Build or buy? That's my dilemma right now. We want 6 panel doors.

The present doors were built in 1972, so they are 1 11/16" thick. The only ones we can find in stores are 1 3/8" thick. I can foresee problems where the hinges are concerned. Would have to re-rout for them, unless we went for pre-hung doors. Position of the door knobs/latchs would also present problems. Menards has a good sale on pre-hung right now.

If I decided to build, would I be better off using doubled up 3/4" plywood, or MDF? Cut the rails and stiles, rout with R&S bits, make the panels, and put them together.

Looking for personal experiences from you, and suggestions.


----------



## jlord (Nov 16, 2009)

Store bought doors usually come 1-3/8" for interiors & 1-3/4" for exterior. I have made doors for some of the sets I have built. It's a lot of work & would not suggest it if you were trying to duplicate store bought doors unless your building a custom door or doing it for pure satisfaction. If painted I usually use sugar pine to build the door & mill the parts down to final thickness. I would not go the route of doubling up material to achieve final thickness. If the doors are using a standard interior hinge that is 3-1/2" long then you can buy your doors mortise for the hinges & just move the stop for the new door thickness.

If you are leaving the original door jamb in I would buy a blank door & mortise out the hinges with a inexpensive door jig to match existing hinge locations unless you know someone with a commercial unit you could borrow. I would also drill out for the door knob with a door boring jig to match the location of the original lockset. If the door jambs are hacked from years of use then you could buy a pre-hung unit & replace the jamb. You would just have to trim the bottom of door for flooring, carpet, etc.

Even though your original doors are 1-11/16" thick it's no problem just move the stop after you hang the new door. For a new door I would trim it to be 1/4" narrower than the door opening so you end up with a 1/8" reveal around the two sides & top.


----------



## bobj3 (Jan 17, 2006)

Hi Mike

Buy pre-hung doors 

====



AxlMyk said:


> Build or buy? That's my dilemma right now. We want 6 panel doors.
> 
> The present doors were built in 1972, so they are 1 11/16" thick. The only ones we can find in stores are 1 3/8" thick. I can foresee problems where the hinges are concerned. Would have to re-rout for them, unless we went for pre-hung doors. Position of the door knobs/latchs would also present problems. Menards has a good sale on pre-hung right now.
> 
> ...


----------



## Duane867 (Oct 25, 2008)

Hell yeah buy pre hung doors. 
You are in for a big enough head ache as is brother. Making your own doors would be like torchering your self just for fun, when you are already stressed.

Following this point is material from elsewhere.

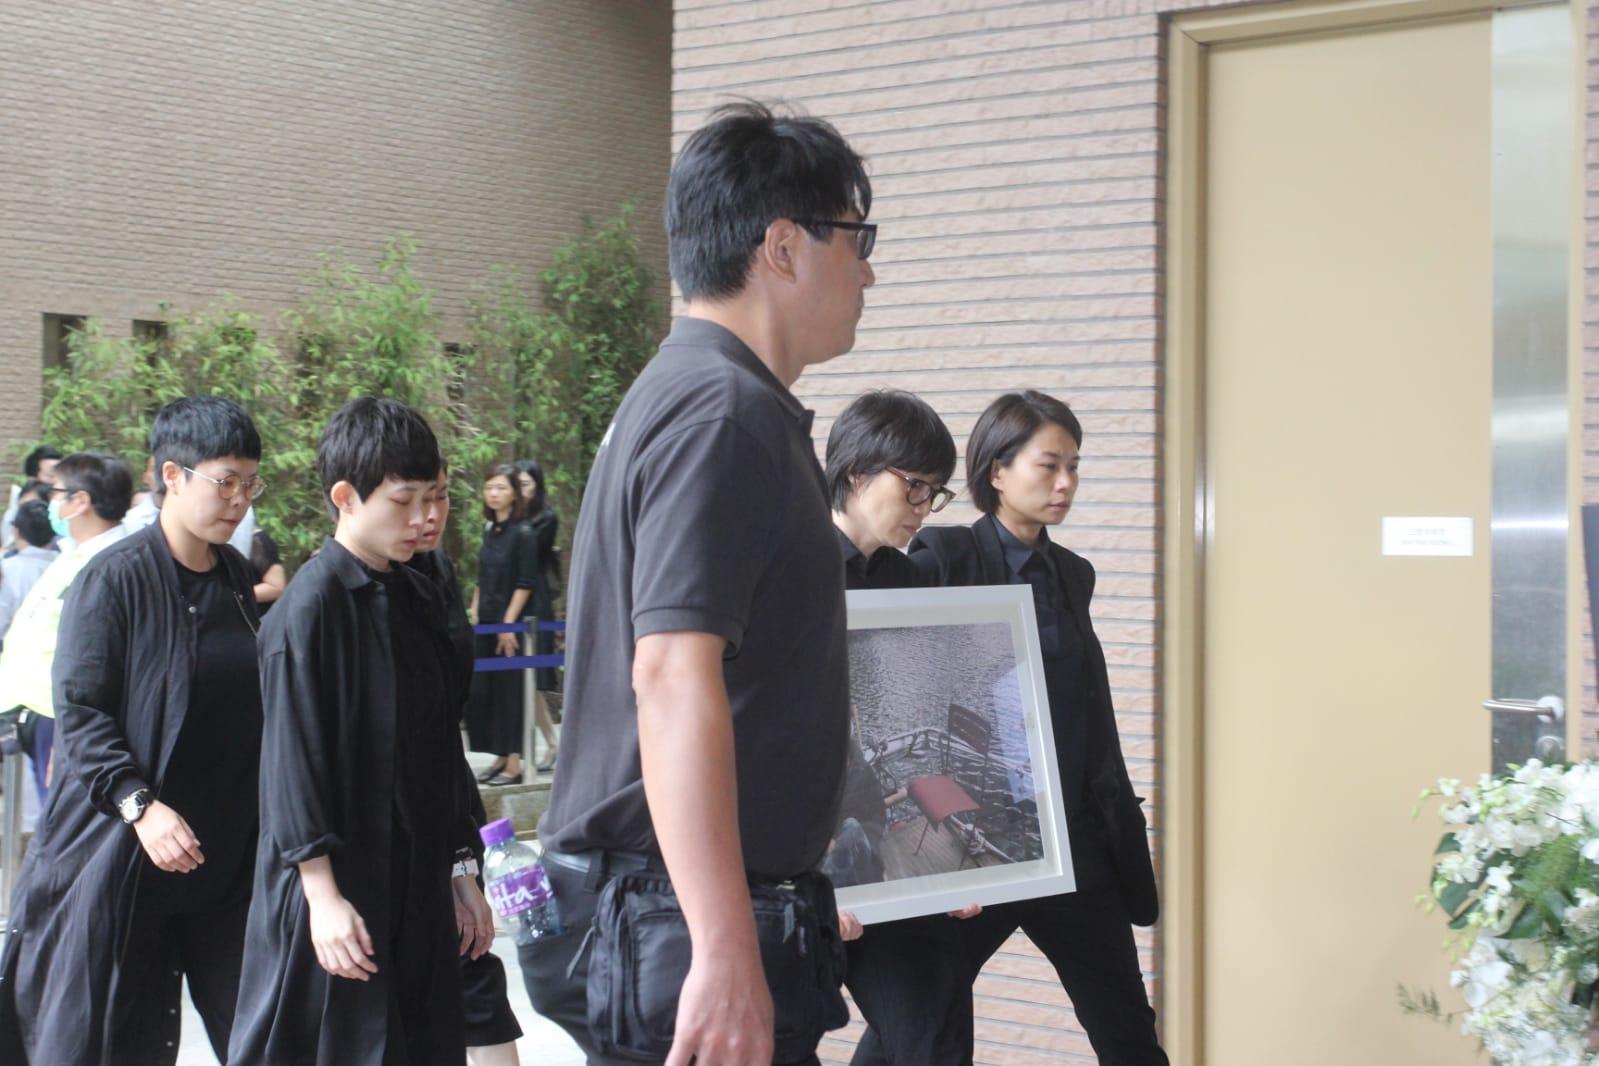 盧凱彤(Ellen)於本月5日在跑馬地寓所墮斃,終年32歲。今早在香港殯儀館出殯,白色靈柩上放置了木結他,運入佈滿白蘭花的靈車內;消瘦的遺孀余靜萍捧著Ellen遺照,坐在靈車內,旁邊有林二汶和助手Jelly陪伴,齊到達歌連臣角火葬場。 靈車駛離殯儀館時大批人上前影相令場面混亂,獲警員、便衣警員連保安逾10人幫忙開路,擾攘數分鐘靈車才開出;殯儀館外的天穚上有數十位歌迷目送靈車。約11時半,神情悲傷的余靜萍捧著遺照下車,在親友及林二汶陪同下步入禮堂,何韻詩、林嘉欣在場幫忙打點及等待靈柩運抵。Ellen父母、黃

Unless....... are your original doors solid or hollow core ? flat or some sort of raised panel design ? If they are solid core then you could probably reuse them and revamp them with a little molding and frame your self false panels. Sort of like wayne scoting. Just strip, sand apply the molding and stain or paint as you like. ( I'm talking about shallow molding here mind you. Nothing taller then say 1/2"-3/4".)


----------



## harrysin (Jan 15, 2007)

Mike, if you're like me, always something on the go, not the least of which is being an active member of the forum, I'd certainly have to give the forum away or choose from the vast range of ready made doors. This is in fact a decision that I'm soon going to have to make as Marlene has been gently chipping away at me to either remake or rout shallow patterns into all but two of the internal doors or replace them.


----------



## Hamlin (Dec 25, 2005)

I guess I'll the be the "odd" one out here... I say make them. Reason being, What was made 10yrs ago is no longer being made the same now. The dimensions will have changed. Extra work will be involved just to make it look right. Building them yourself, well, it's a custom fit. BTW, building a door really isn't that difficult folks. There's a simple formula for it and readily available.

Just my $0.02 worth.


----------



## jlord (Nov 16, 2009)

Hamlin said:


> I guess I'll the be the "odd" one out here... I say make them. Reason being, What was made 10yrs ago is no longer being made the same now. The dimensions will have changed. Extra work will be involved just to make it look right. Building them yourself, well, it's a custom fit. BTW, building a door really isn't that difficult folks. There's a simple formula for it and readily available.
> 
> Just my $0.02 worth.


Hi Ken,
The doors that Ken wants to make are a 6 panel door to replace doors that are from about 1972. That's really not that long ago as far as doors are concerned. The door openings on the houses I've remodeled come in standard opening sizes even back to the 1950"s, 24", 28", 30", & 36" with 30" average for interior doors & 36" for an exterior door such as the front door & back door. Those are the standards most builders used & still use today. 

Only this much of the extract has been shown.